The disk operating system program (DOS) is also called the file
management system (FMS). DOS is not a permanent part of the computer,
it is loaded in upon power-up if a disk drive is attached to the
computer.
When the computer is turned on, one of the first things it does is
send a request to the disk drive to load DOS into the computer. This
startup operation is called booting. The word boot is short for
bootstrapping -- the start-up process of early computers. The term
comes from "lifting one's self by one's boot straps".
Anytime the disk boots, the computer tries to read a program starting
at sector 1 and continuing in sequence. If the disk has DOS on it,
the first three sectors, called the boot record, have a program which
loads the DOS.SYS file. If there is no DOS.SYS file on the disk the
computer will display:
--------------------
| BOOT ERROR |
| BOOT ERROR |
| BOOT ERROR |
| BOOT ERROR |
| BOOT ERROR |
| BOOT ERROR |
| (etc.) |
| |
| |
--------------------
When a disk is formatted, the drive read/write head passes over the
entire disk and puts magnetic marks on it. These marks divide the
disk into 32 concentric tracks. With DOS 2.0 each track is divided
into 18 sectors, each holding 128 bytes of data. With DOS 2.5 there
are 32 sectors per track giving a total of 1,024 sectors.
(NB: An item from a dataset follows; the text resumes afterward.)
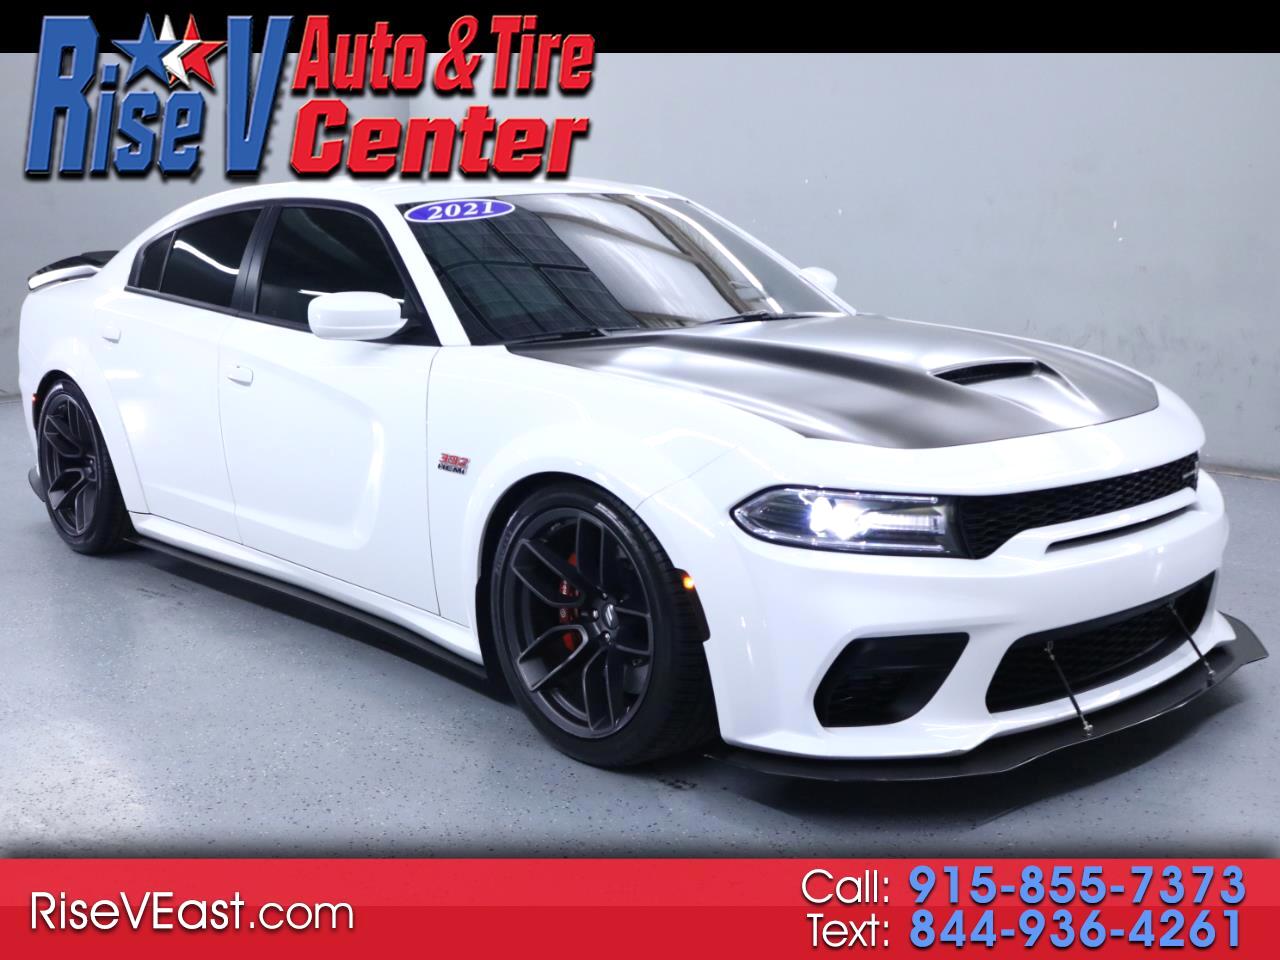 Dodge Charger Scat Pack 2021
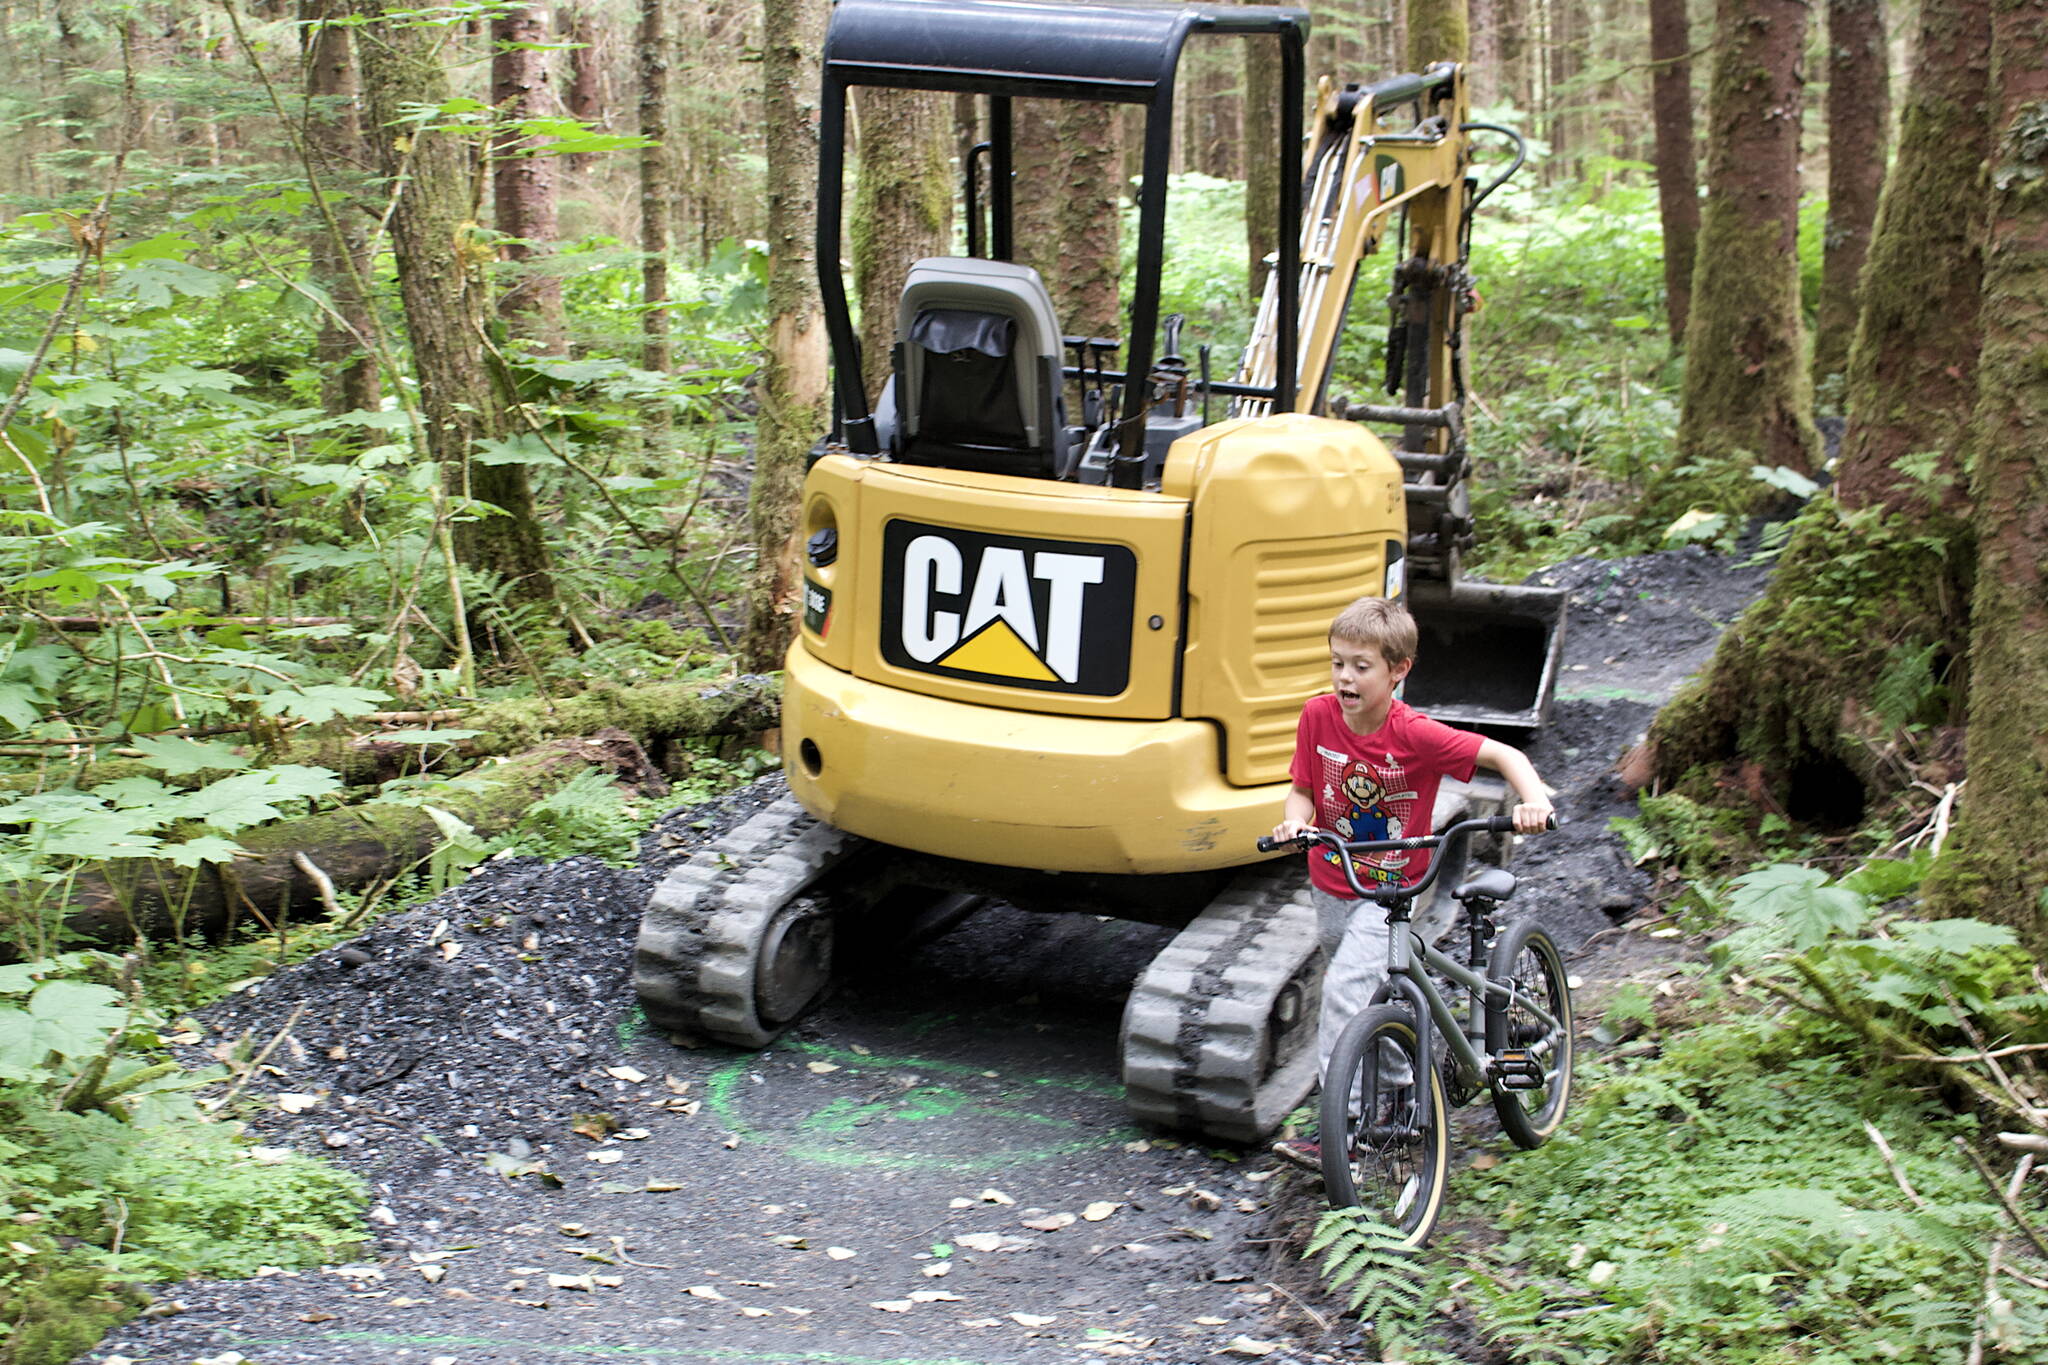 Jacob Crosland, 7, walks his bike around an excavator on the unfinished beginner’s trail at the new Thunder Mountain Bike Park on Saturday. Officials said the trails should be ready to ride on by early next week. (Mark Sabbatini / Juneau Empire)

Each sector on the disk is marked with a reference number from 1 to
720. Unfortunately, the writers of DOS 2.0 didn't know this so they
wrote the DOS to use sectors numbered from 0 to 719. As a result, DOS
2.0 cannot access sector 720. The designers of the disk drive were
the guilty party in this case. It is normal to number from 0 in
computers. With DOS 2.5, sectors 720 - 1,024 can be accessed
normally.
Sector 720 can be accessed using the computer's resident disk handler.
Some software writers use sector 720 to hide special information to
make their programs difficult to copy.
DOS 2 SECTOR ASSIGNMENTS
Sectors 1 through 3 are called the boot record. They contain a
program which loads the DOS.SYS file into memory.
Sector 360 is called the Volume Table of Contents or VTOC. The main
purpose of the VTOC is to keep track of what sectors are occupied.
Bytes 3 and 4 of the VTOC tell how many sectors are available.
Starting at byte 10 is the Volume Bit Map. Each byte in the VBM tells
the status of eight sectors. If a bit is a 1 the sector is available.
If a bit is a 0 the sector is occupied.
Sectors 361 through 368 contain the disk directory. Each directory
sector holds eight file names. The first byte of a file name is
called the flag byte. It tells the status of that file.
Directory flag byte.
7 6 5 4 3 2 1 0
-----------------
| flag byte |
-----------------
Bits: 7 1 = file deleted
6 1 = file in use
5 1 = file locked
0 1 = open for output
The next two bytes tell how many sectors are in the file. The two
bytes after them tell the starting sector of the file. The last 11
bytes contain the file name.
Sector 720 cannot be accessed with DOS 2.0.
The boot record, VTOC, directory and sector 720 use 13 sectors. This
leaves 707 sectors for storing files with DOS 2.0.
Each file sector has 125 bytes of data. The last three bytes tell how
many bytes of the sector are used, what directory entry the sector
belongs to and which sector is next in the file.
File sector structure
7 6 5 4 3 2 1 0
-----------------
| data | byte 0
- - - -
| bytes | byte 124
-----------------
| Dir. No. |hi | byte 125
-----------------
|forward pointer| byte 126
-----------------
|S| byte count | byte 127
-----------------
hi = high 2 bits of forward pointer
S = Short sector flag. 1 = short sector (End Of File)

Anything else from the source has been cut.